Read CHAPTER IX of Richard Vandermarck, free online book, by Miriam Coles Harris, on ReadCentral.com.

A DANCE

It is impossible to love and to be wise.

Bacon.

Niente piú tosto se secca che lagrime.

“This is what we must do about it,” said Kilian, as we sat around the breakfast-table. “If you are still in a humor for the dance to-night, I will order Tom and Jerry to be brought up at once, and Miss Pauline and I will go out and deliver all the invitations.”

“Of which there are about five,” said Charlotte Benson. “You can spare Tom and Jerry and send a small boy.”

“But what if I had rather go myself?” he said, “and Miss Pauline needs the air. Now there are let me see,” and he began to count up the dancing inhabitants of the neighborhood.

“Will you write notes or shall we leave a verbal message at each door?”

“Oh leave a verbal message by all means,” said Charlotte Benson, a little sharply. “It won’t be quite en règle, as Miss d’Estree doesn’t know the people, but so unconventional and fresh.”

“I do know them,” I retorted, much annoyed, “conventionally at least: for they have all called upon me, though I didn’t see them all. But I shall be very glad if you will take my place.”

“Oh, thank you; I wasn’t moving an amendment for that end. We have made our arrangements for the morning, irrespective of the delivery of cards.”

“I shall have time to write the notes first, if Sophie would rather have notes sent,” said Henrietta, who wrote a good hand and was very fond of writing people’s notes for them.

“Oh, thank you, dear; yes, perhaps it would be best, and save Pauline and Kilian trouble.”

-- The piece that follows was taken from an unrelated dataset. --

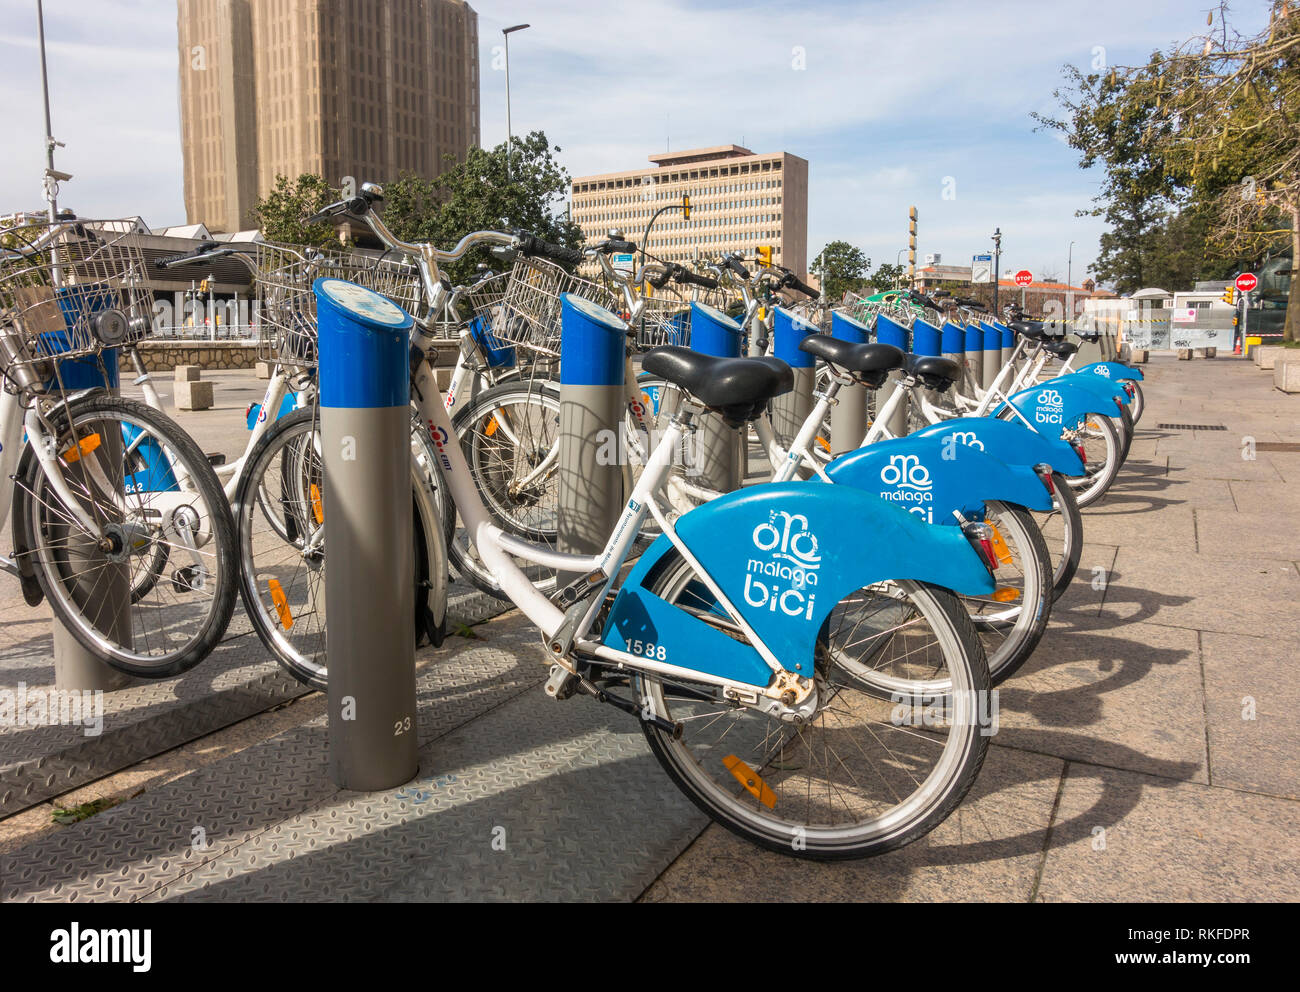 Malaga spain, Row of blue Malaga Bici, public bicycles renting system station in Malaga, Andalusia, Spain. Stock Photo

So Henrietta went grandly away to write her little notes: a very large ship on a very small voyage.

“And how about your music, Sophie,” said Kilian, who was anxious to have all business matters settled relating to the evening.

“Well, I suppose you had better go for the music-teacher from the village; he plays very well for dancing, and it is a mercy to me and to poor Henrietta, who would have to be pinned to the piano for the evening, if we didn’t have him.”

“As to that, I thought we had a music-teacher of our own: can’t your German be made of any practical account? Or is he only to be looked at and revered for his great powers?”

“I didn’t engage Mr. Langenau to play for us to dance,” said Sophie.

“Nor to lounge about the parlor every evening either,” muttered Kilian, pushing away his cup of coffee.

“Now, Mr. Kilian, pray don’t let our admiration of the tutor drive you into any bitterness of feeling,” cried Charlotte Benson, who had been treasuring up a store of little slights from Kilian. “You know he can’t be blamed for it, poor man.”

Kilian was so much annoyed that he did not trust himself to answer, but rose from the table, and asked me if I would drive with him in half an hour.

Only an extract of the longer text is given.